Analysts and text analytics users say it’s important to make those business types understand that these situations come up more often than not, and they need to do the best they can with the information available. IT pros can help in this respect by using their knowledge of text analytics to “look at the big picture” and provide the business user with key areas of focus.
“They’re going to focus on the inaccuracy of some of the analysis … and [IT professionals need to] get them to understand what the value is in what they’re giving them,” said Sue Feldman, an analyst with Framingham, Mass.-based technology research firm IDC. “There is not a single product that is perfectly accurate, neither is there a person who is perfectly accurate.”

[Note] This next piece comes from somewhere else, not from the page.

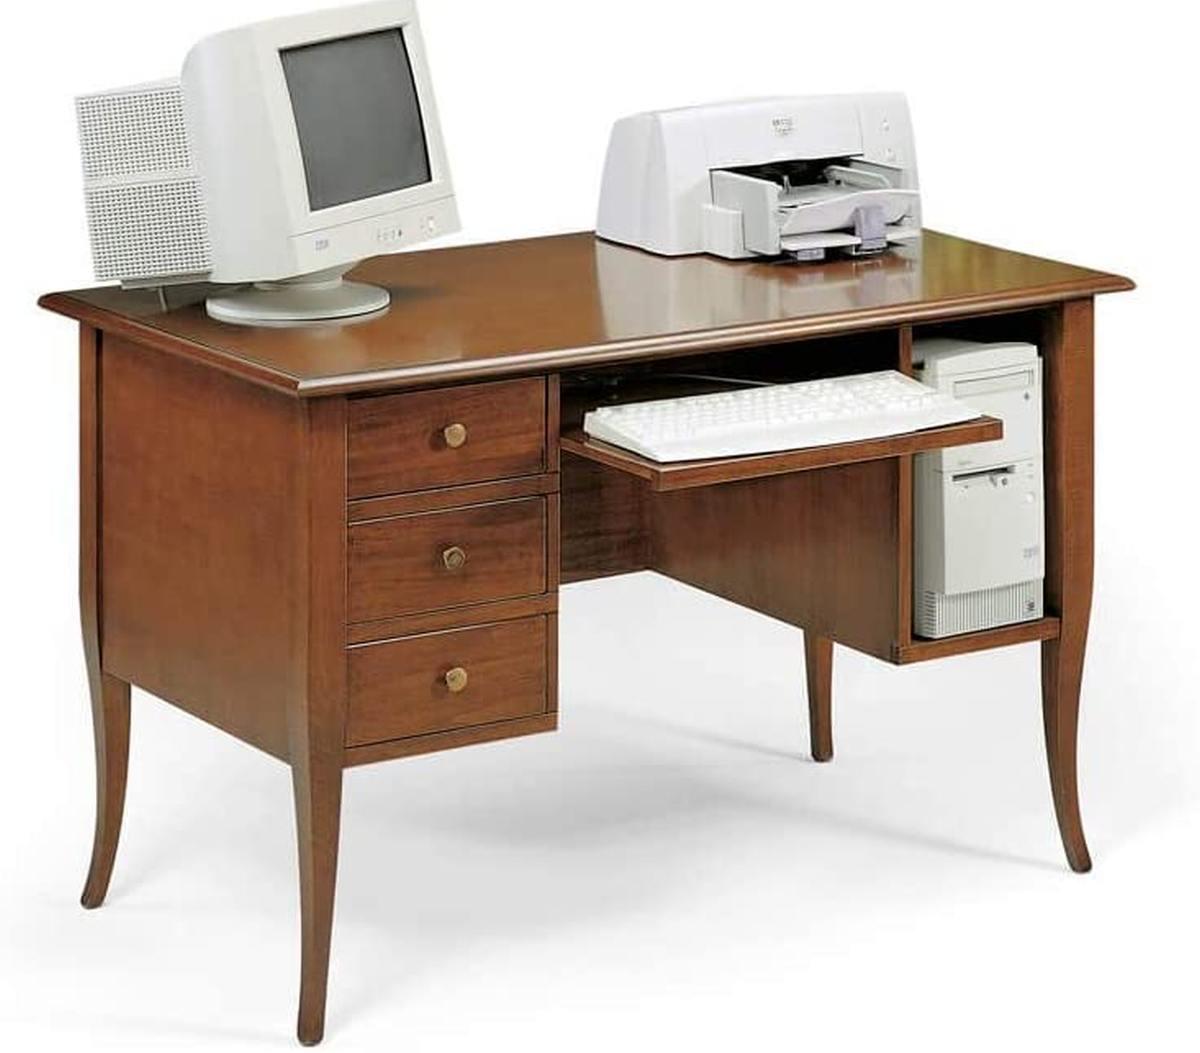 scrivania-pc-computer-lusso-legno-massello-rappresentanza-presidenziale-arte-povera-stile-classico-amazon
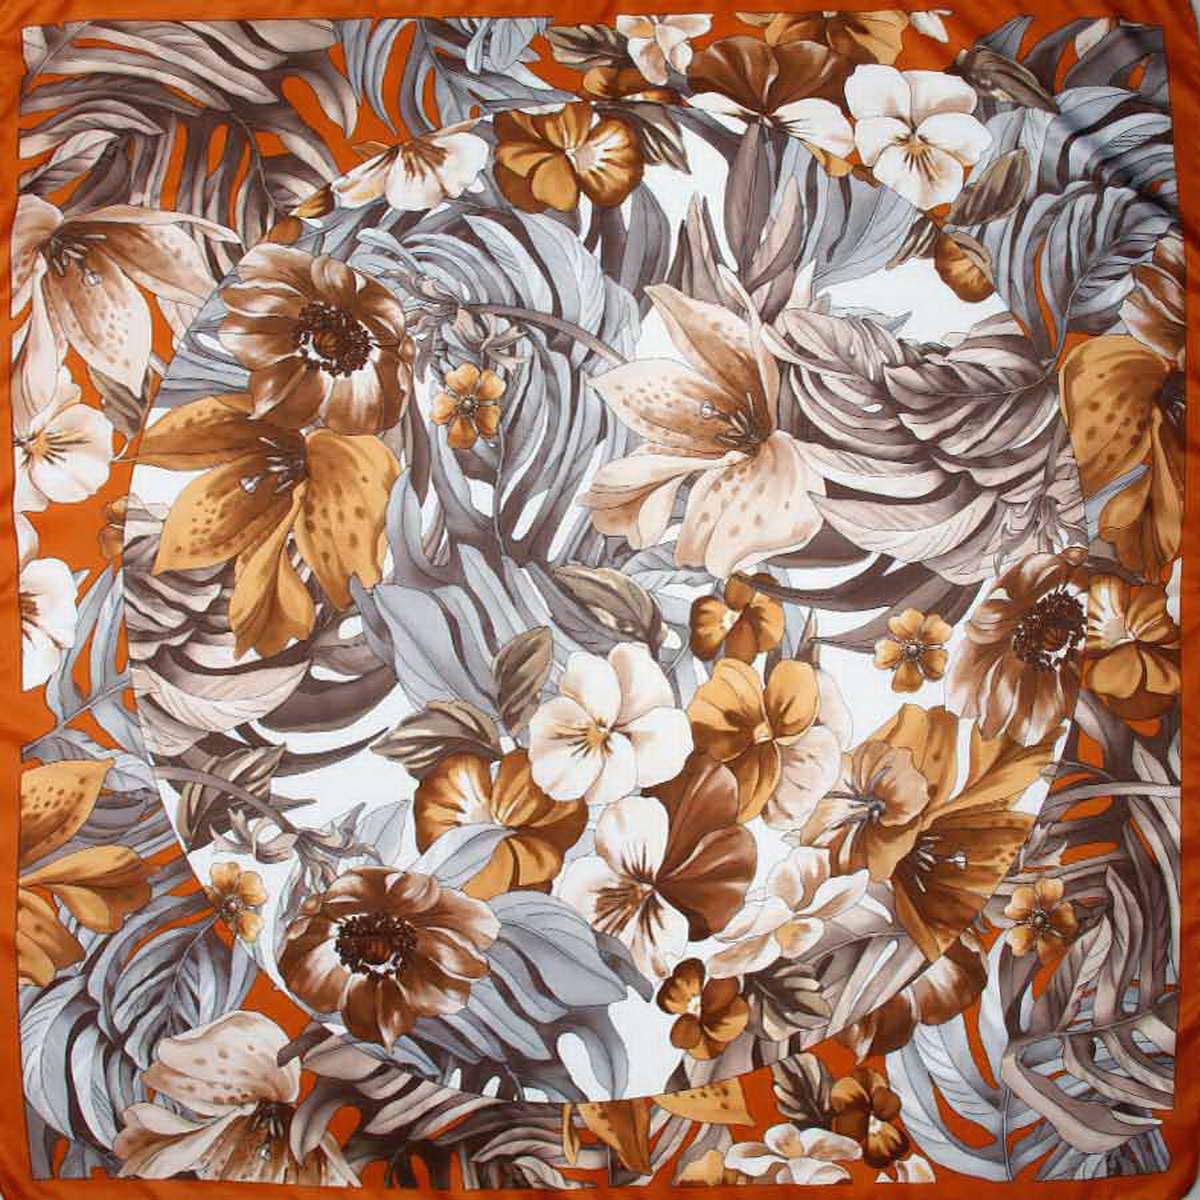 Платок женский Venera, цвет: коричневый, серый, белый. 3904972-30. Размер 90 см х 90 см3904972-30Стильный женский платок Venera станет великолепным завершением любого наряда. Платок, изготовленный из полиэстера, оформлен цветочный принтом. Классическая квадратная форма позволяет носить платок на шее, украшать им прическу или декорировать сумочку. Легкий и приятный на ощупь платок поможет вам создать изысканный женственный образ. Такой платок превосходно дополнит любой наряд и подчеркнет ваш неповторимый вкус и элегантность.

4. Create customer experience teams
When approaching a huge and seemingly insoluble problem, it’s best to break that problem down into more manageable components. Then attack it one component at a time. Companies that plan to use text analytics as part of an effort to gauge customer sentiment should take a similar tack. That means forming customer experience teams that are segmented by each product, class of product, or service that the company offers. It’s a methodology that appears to be working well for Jones and Intuit.
“What this does is it basically gives clarity around who owns what,” Jones said.
The teams at Intuit do more than just pore over the results of text analytics searches. They are responsible for understanding everything that goes into building positive customer sentiment around their specific products. Companies should hold regular meetings between individual teams and executives. And be sure to pick highly responsible team members, because when customer sentiment problems arise, company executives will know exactly who to hold accountable.
5. Prepare for eDiscovery
Jason R. Baron, Esq., the director of litigation with the U.S. National Archives and Records Administration, had a message for the Text Analytics Summit attendees: Sooner or later, corporations get sued, and IT professionals who can help in the eDiscovery process will be extremely valuable to the organization.
It may sound like more of a career tip than a text analytics tip, but by helping companies prepare for eDiscovery – tagging necessary documents, meeting with general counsel prior to major purchases to make sure documents are searchable and to head off any possible trouble – IT professionals are actually helping themselves.
“There is a world of lawyers waiting for each of you [IT professionals] to inform them how to do search and retrieval in the legal domain,” Baron said with a smile. “If you can just [use] that key I've given you, it's worth about a billion dollars for your organization.”